Aim of the task: This task calls for the lines below starting at the one containing "Core Sans N 43 Ex Regular Italic image" and ending at the one containing "Buy Off-White x", repeated exactly with both ends kept and pictures left out.

Material for the task:
>>>>

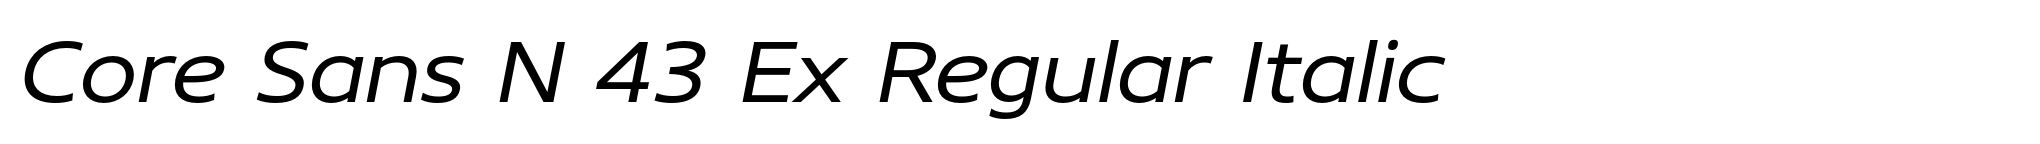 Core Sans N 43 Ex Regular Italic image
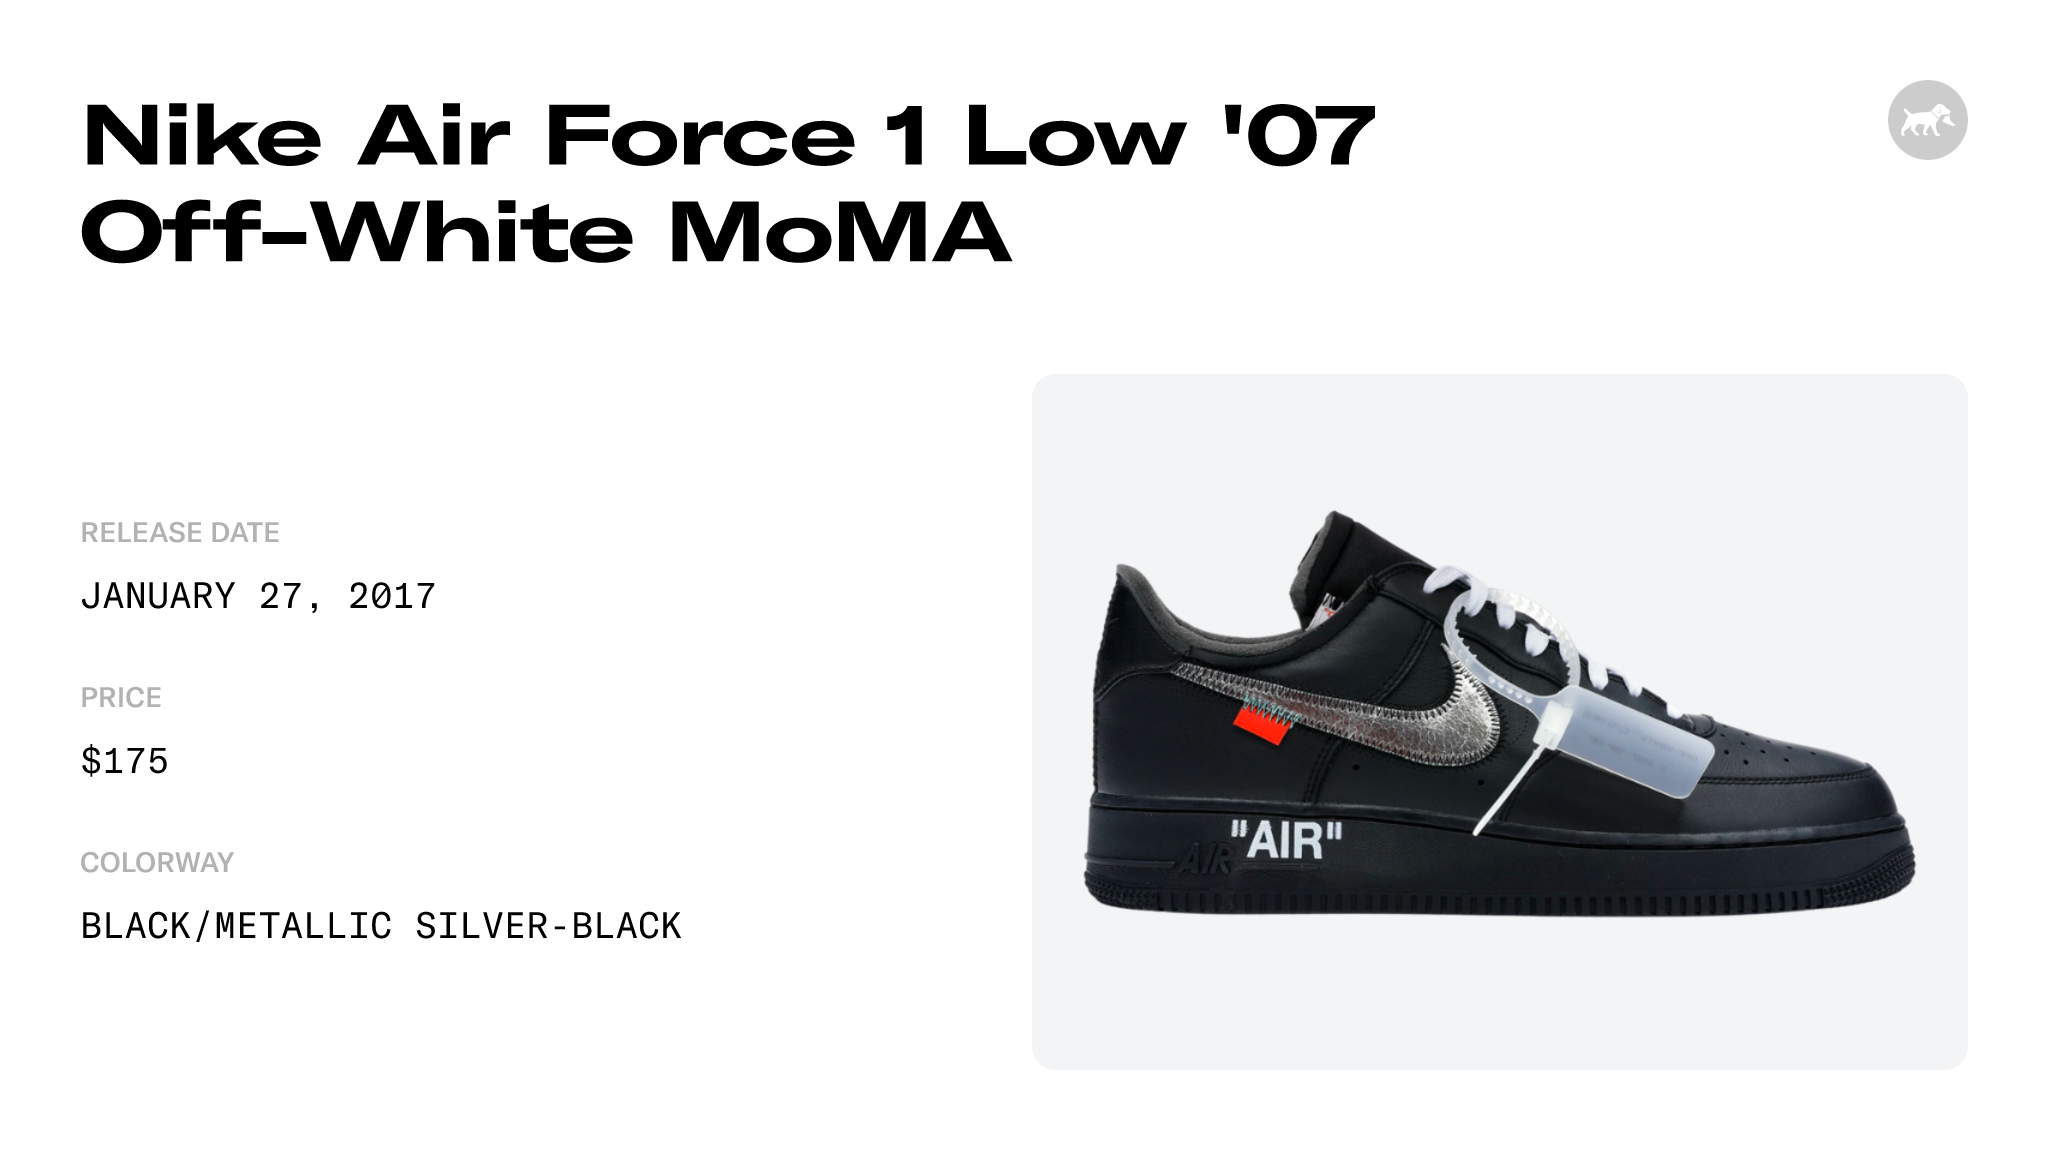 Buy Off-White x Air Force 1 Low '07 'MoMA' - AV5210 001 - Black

<<<<
>>>>

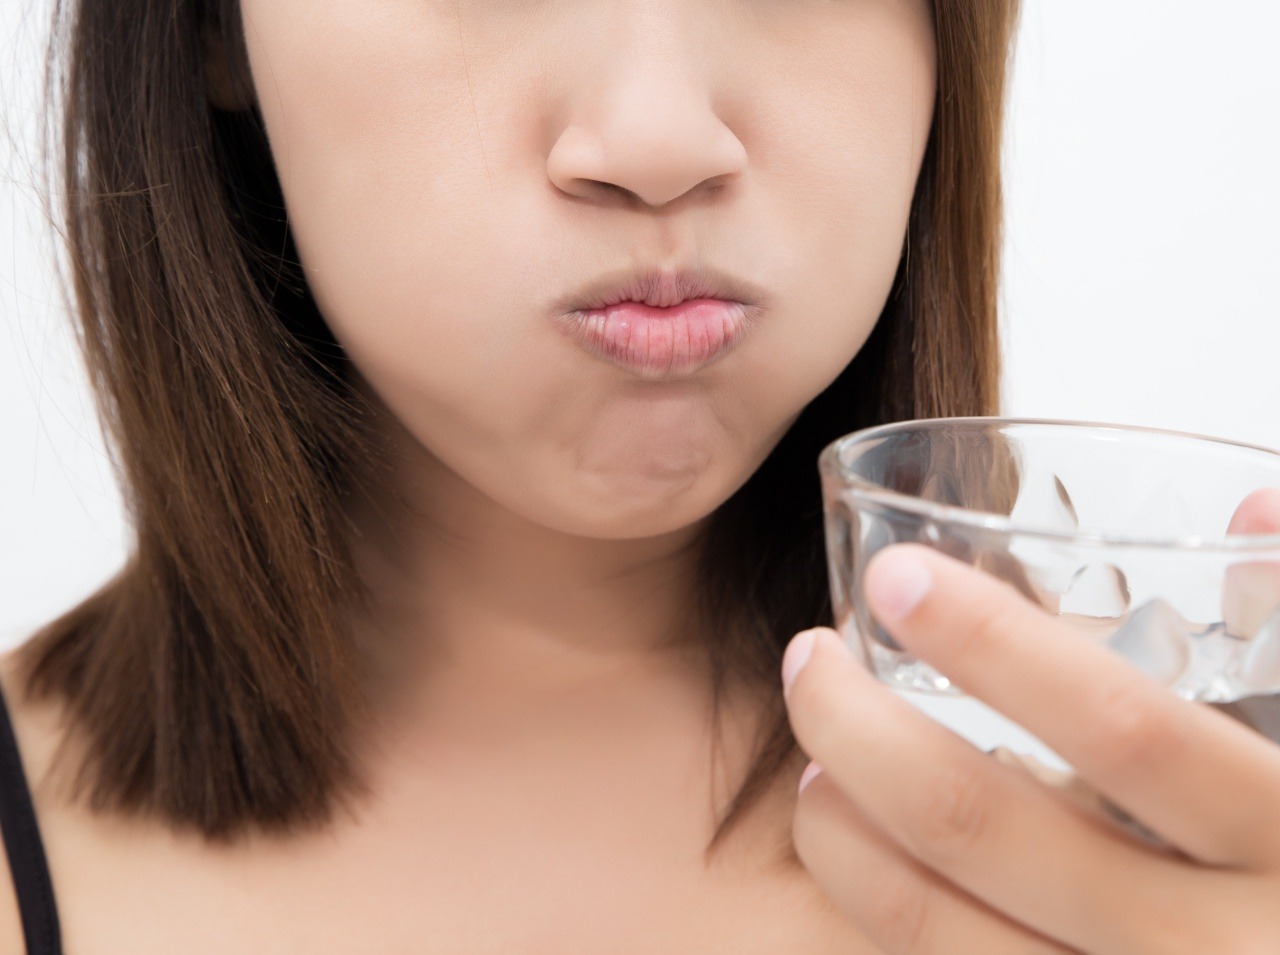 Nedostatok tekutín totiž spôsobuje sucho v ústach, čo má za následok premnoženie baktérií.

<<<<

Solution for this exercise:
 Core Sans N 43 Ex Regular Italic image
 Buy Off-White x Air Force 1 Low '07 'MoMA' - AV5210 001 - Black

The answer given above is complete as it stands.